La parte que muestra fotografías en color es aparentemente (solo aparentemente) más naïf. Por los tonos pastel, por los rosas que saltan a nuestros ojos y nos arañan las córneas. Allí Klein vuelve a jugar con los tópicos, intenta confundirnos a base de afirmaciones contrafactuales. Algunas de ellas (el uso de figuras no ortodoxas en la época, como travestis o prostitutas) apenas nos sorprenden hoy ya. Porque nuestro tiempo no es el suyo, sí, pero sobre todo porque hay una cierta forma de “hacer publicidad” que está totalmente asumida y que bebe, en parte, del trabajo de Klein. Pero hay otros aspectos que conservan intacta su capacidad para inquietar, para dejar en el cuerpo una desazón que los convierte en inolvidables. Los retratos que no son retratos. Las muñecas que toman vida, que se mueven, que interactúan con el entorno urbano. El maquillaje que refleja un rol contrario a la misma ropa. La sorpresa. El impacto.

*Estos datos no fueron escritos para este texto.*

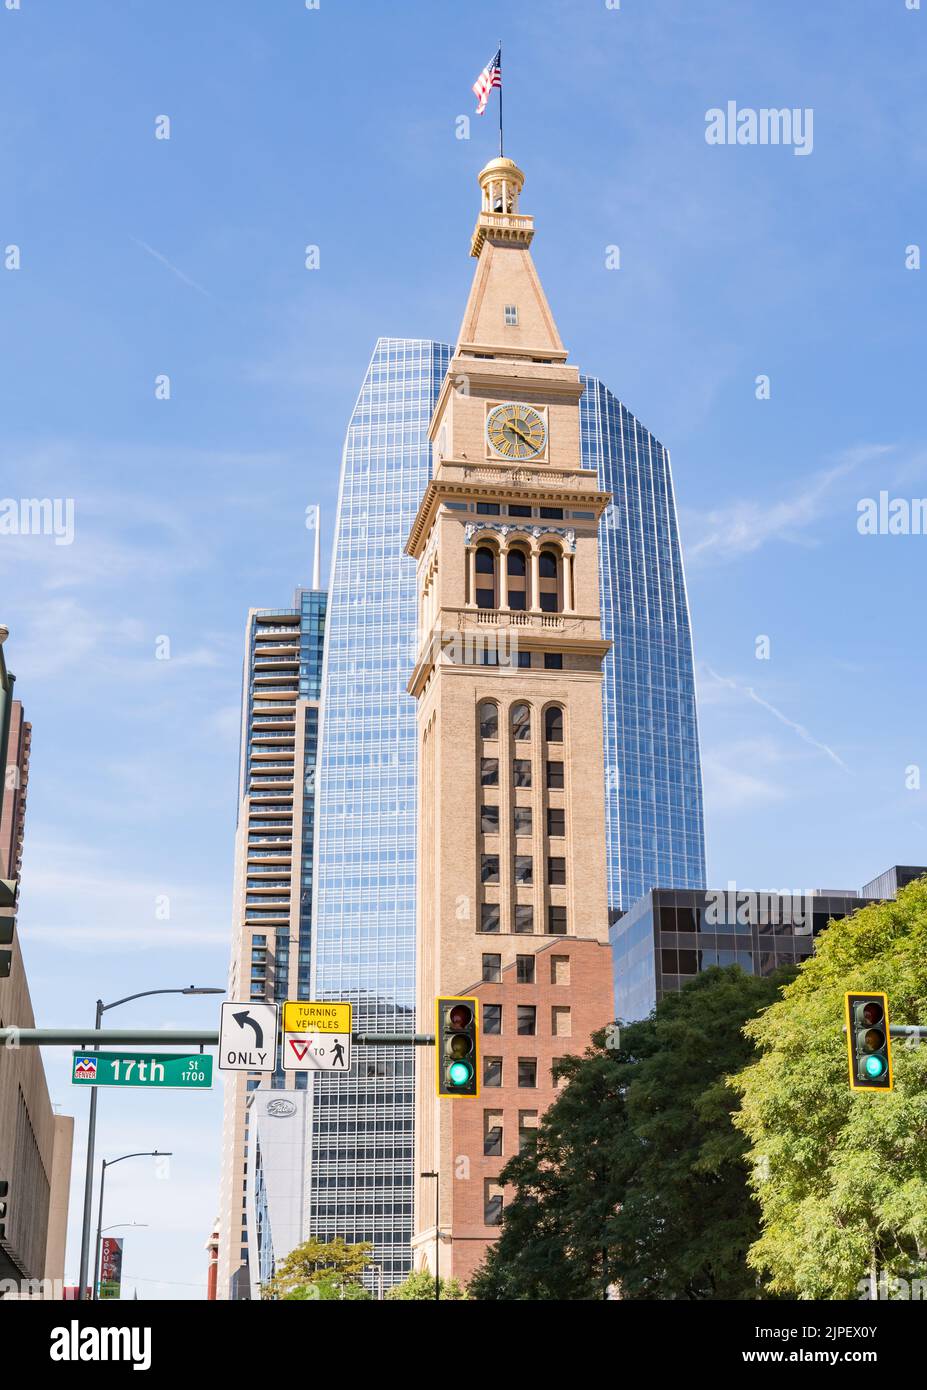 La storica torre dell'orologio Daniels & Fisher lungo la 16th Street Mall nel centro di Denver, Colorado Foto Stock

Contemplar estas fotografías en contraste con otras producciones de Klein (menos conocidas, menos populares) resulta un contraste muy atractivo, porque ambas se enriquecen, y nos dan pistas sobre un sentido mayor de la obra, sobre una filosofía subyacente que gravita alrededor del conjunto. Las esculturas con materiales industriales, por ejemplo. Los móviles que no tienen movimiento ninguno, que permanecen deslabazados, muertos. Y, sobre todo, las muñecas inanimadas, las que no hacen ningún gesto. Juguetes humanos que viven, juguetes de metal que están muertos. El mundo, nuevamente, como un espacio en construcción. Eso hace Klein.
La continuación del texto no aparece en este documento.